In the following, a bayesian linear model will be presented using the built-in dataset mtcars. The model will be set up with the JAGS package. JAGS is an acronym that stands for Just Another Gibbs Sampler.
data(mtcars)
head(mtcars)
## mpg cyl disp hp drat wt qsec vs am gear carb
## Mazda RX4 21.0 6 160 110 3.90 2.620 16.46 0 1 4 4
## Mazda RX4 Wag 21.0 6 160 110 3.90 2.875 17.02 0 1 4 4
## Datsun 710 22.8 4 108 93 3.85 2.320 18.61 1 1 4 1
## Hornet 4 Drive 21.4 6 258 110 3.08 3.215 19.44 1 0 3 1
## Hornet Sportabout 18.7 8 360 175 3.15 3.440 17.02 0 0 3 2
## Valiant 18.1 6 225 105 2.76 3.460 20.22 1 0 3 1
str(mtcars)
## 'data.frame': 32 obs. of 11 variables:
## $ mpg : num 21 21 22.8 21.4 18.7 18.1 14.3 24.4 22.8 19.2 ...

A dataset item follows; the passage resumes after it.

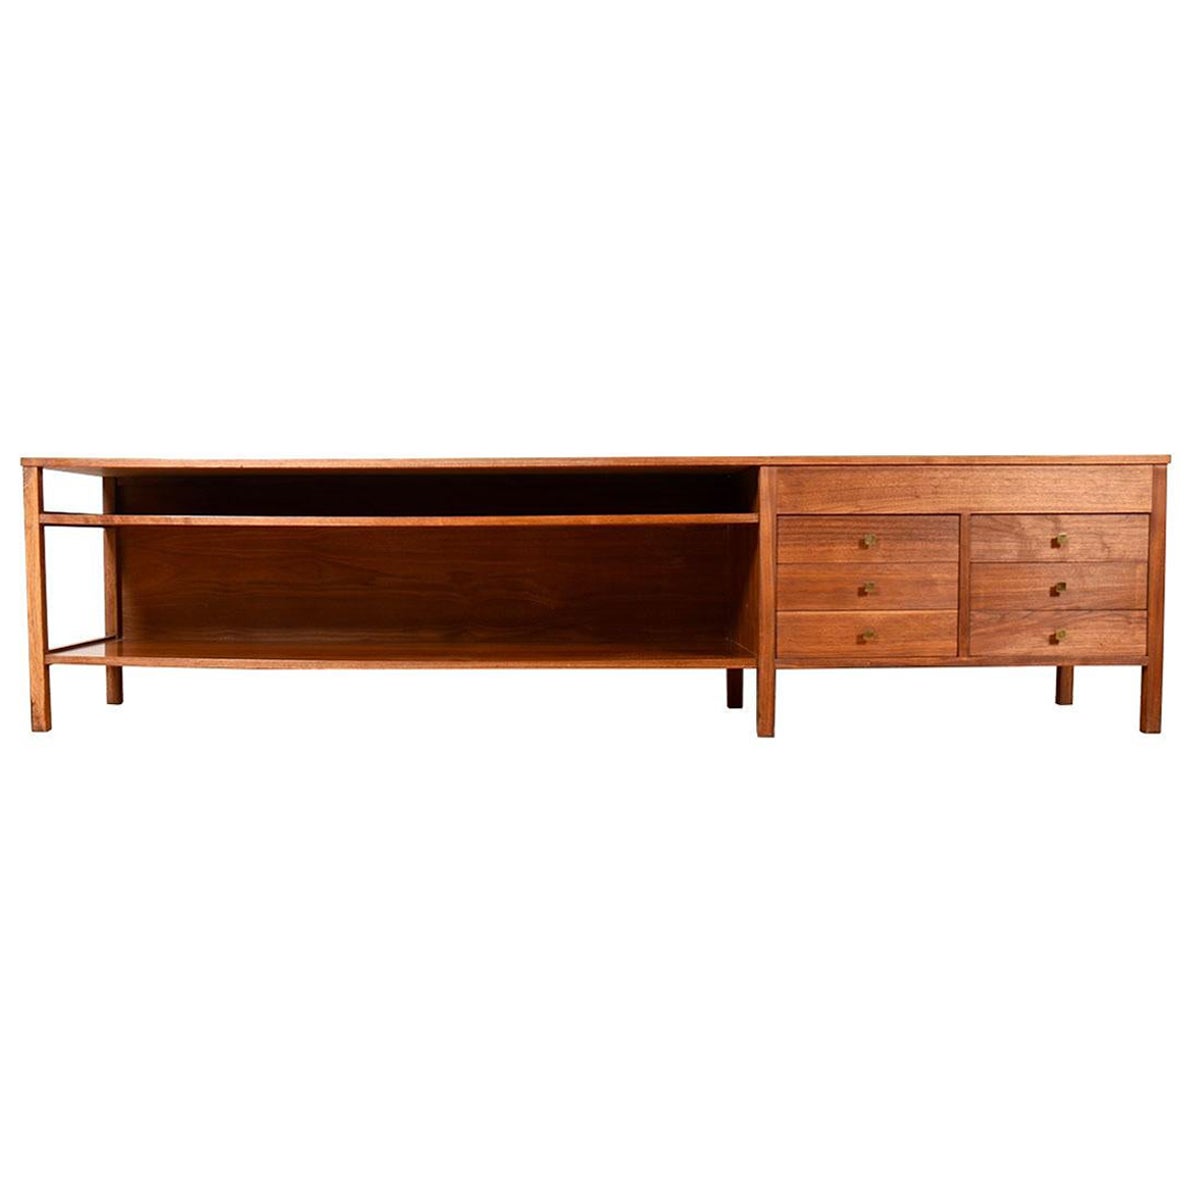 Low Entertainment Console Drawers/ Accent Table by Paul McCobb, circa 1950s
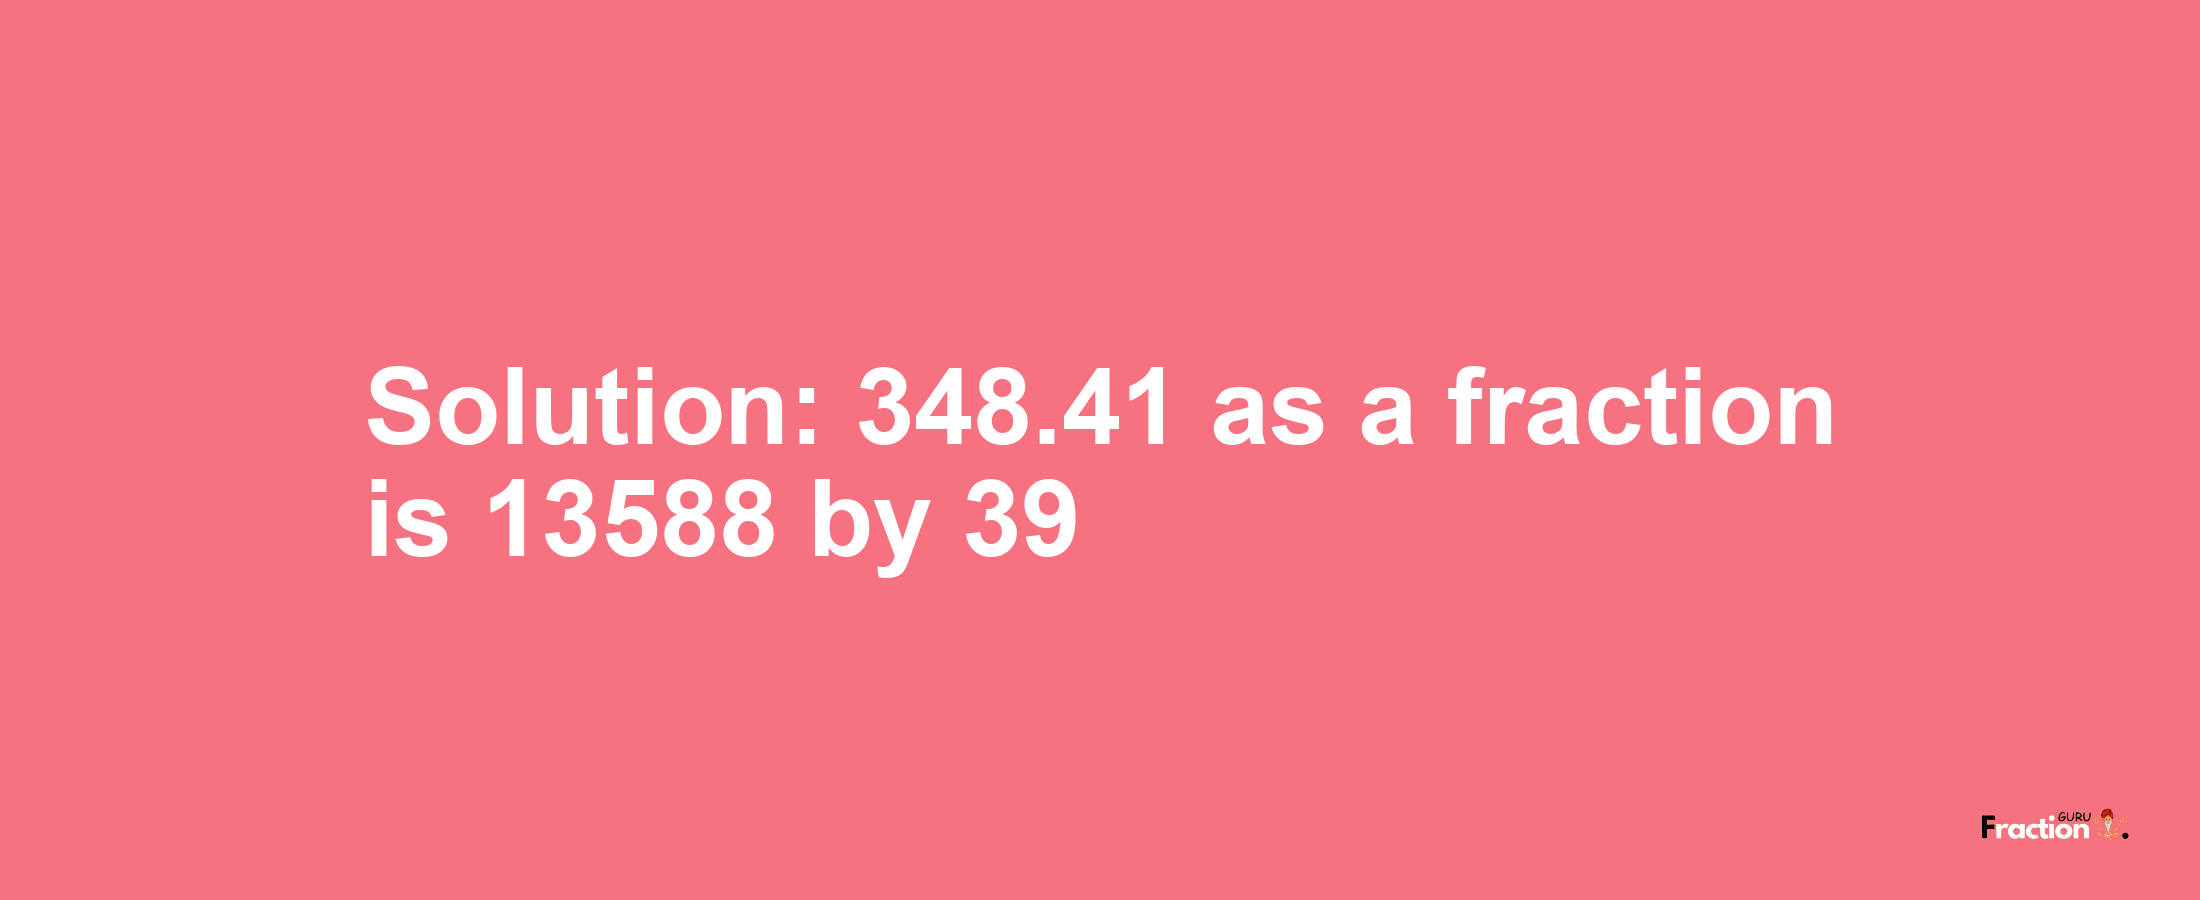 Solution:348.41 as a fraction is 13588/39

## $ cyl : num 6 6 4 6 8 6 8 4 4 6 ...
## $ disp: num 160 160 108 258 360 ...
## $ hp : num 110 110 93 110 175 105 245 62 95 123 ...
## $ drat: num 3.9 3.9 3.85 3.08 3.15 2.76 3.21 3.69 3.92 3.92 ...
## $ wt : num 2.62 2.88 2.32 3.21 3.44 ...
## $ qsec: num 16.5 17 18.6 19.4 17 ...
## $ vs : num 0 0 1 1 0 1 0 1 1 1 ...
## $ am : num 1 1 1 0 0 0 0 0 0 0 ...
## $ gear: num 4 4 4 3 3 3 3 4 4 4 ...
## $ carb: num 4 4 1 1 2 1 4 2 2 4 ...
pairs(mtcars)
Among others, there appears to be a linear relationship between the variables mpg (Miles per Gallon) and wt(weight). Let’s look at this relationship in more detail. In addition, the distributions of both variables are presented.
plot(mpg ~ wt, mtcars)
hist(mtcars$mpg)
hist(mtcars$wt)
First, a default model is set up using the common function in R for linear regression models. From a bayesian perspective, this model can be regarded as having a non-informative prior.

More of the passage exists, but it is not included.